Simple dataset to dataloader library for pytorch
Project description
This is a simple library for creating readable dataset pipelines and reusing best practices for issues such as imbalanced datasets. There are just two components to keep track of: Dataset and Datastream.
Dataset is a simple mapping between an index and an example. It provides pipelining of functions in a readable syntax originally adapted from tensorflow 2’s tf.data.Dataset.
Datastream combines a Dataset and a sampler into a stream of examples. It provides a simple solution to oversampling / stratification, weighted sampling, and finally converting to a torch.utils.data.DataLoader.
Install
pip install pytorch-datastream
Usage
The list below is meant to showcase functions that are useful in most standard and non-standard cases. It is not meant to be an exhaustive list.
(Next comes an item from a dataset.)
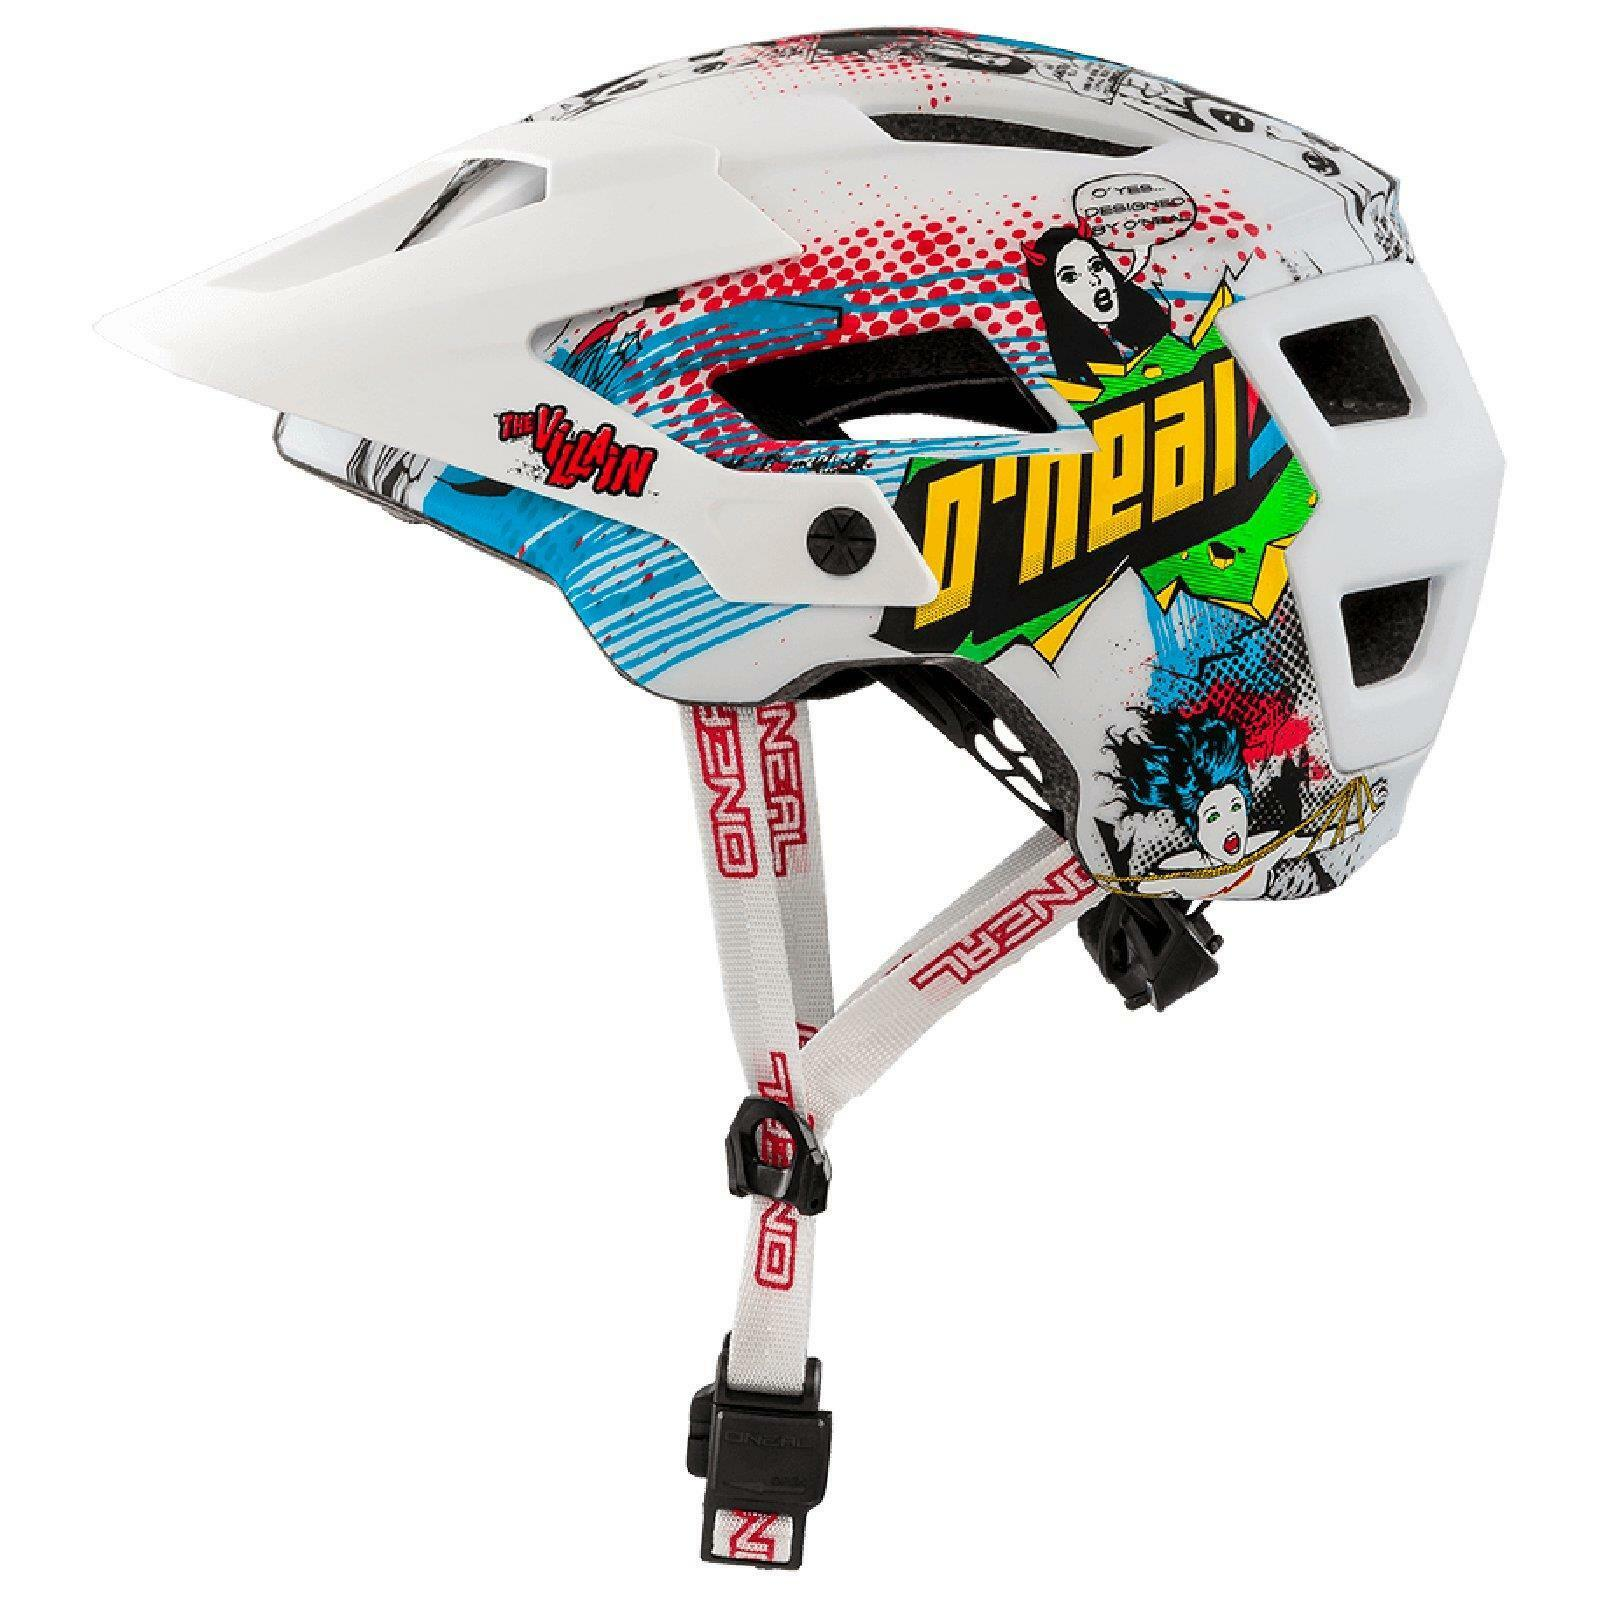 ONeal defensor 2.0 villano blancoo casco Enduro rastro de la bici bicicleta de montaña todo MTB
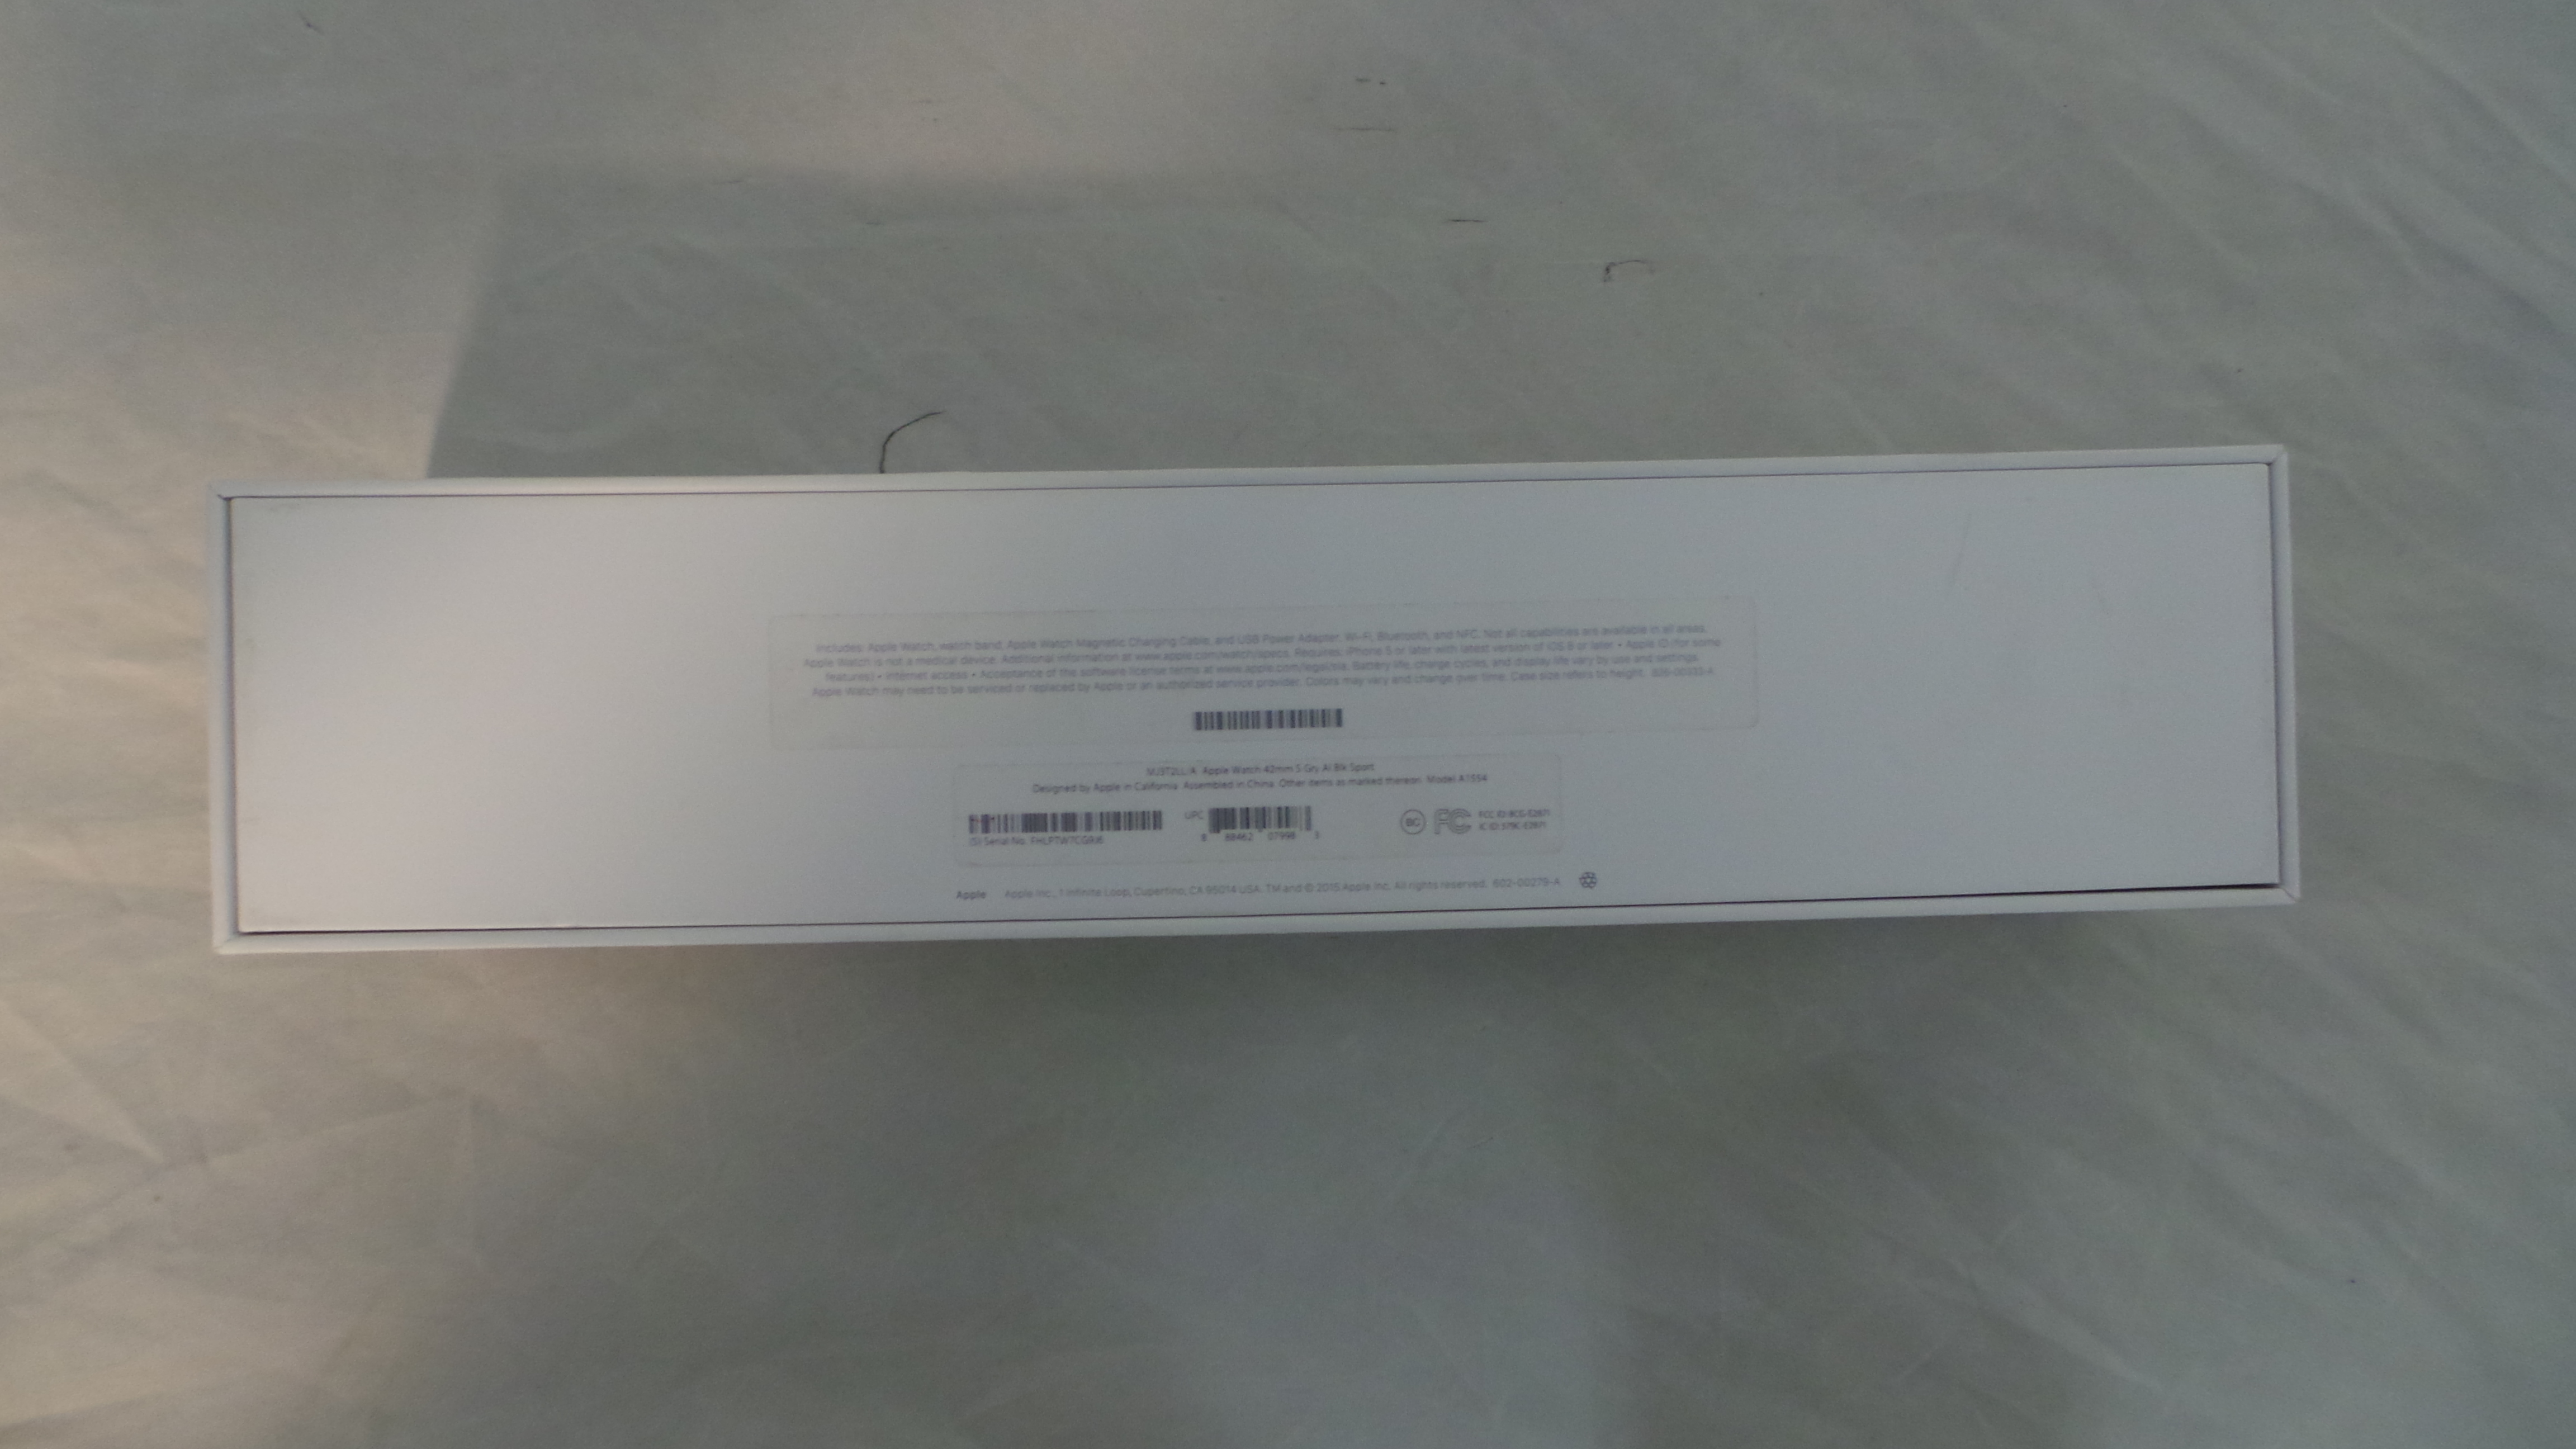 Watch Series 2 Aluminum (42mm), black, Afbeelding 3

See the documentation for a more extensive list on API and usage.
Dataset.from_subscriptable
Dataset.from_dataframe
Dataset
.map
.subset
.split
Datastream.merge
Datastream.zip
Datastream
.map
.data_loader
.zip_index
.update_weights_
.update_example_weight_
.weight
.state_dict
.load_state_dict
.multi_sample
.sample_proportion
Dataset from subscriptable
from datastream import Dataset
fruits_and_cost = (
('apple', 5),
('pear', 7),
('banana', 14),
('kiwi', 100),
)
dataset = (
Dataset.from_subscriptable(fruits_and_cost)
.map(lambda fruit, cost: (
fruit,
cost * 2,
))
)
print(dataset[2]) # ('banana', 28)
Dataset from pandas dataframe
from PIL import Image
from imgaug import augmenters as iaa
from datastream import Dataset
augmenter = iaa.Sequential([...])
def preprocess(image, class_names):
...
dataset = (
Dataset.from_dataframe(df)
.map(lambda row: (
row['image_path'],
row['class_names'],
))
.map(lambda image_path, class_names: (
Image.open(image_path),
class_names,
))
.map(lambda image, class_names: (
augmenter.augment(image=image),
class_names,
))
.map(preprocess)
)
Datastream to pytorch data loader
data_loader = (
Datastream(dataset)
.data_loader(
batch_size=32,
num_workers=8,
n_batches_per_epoch=100,
)
)
More usage examples
See the documentation for examples with oversampling / stratification and weighted sampling.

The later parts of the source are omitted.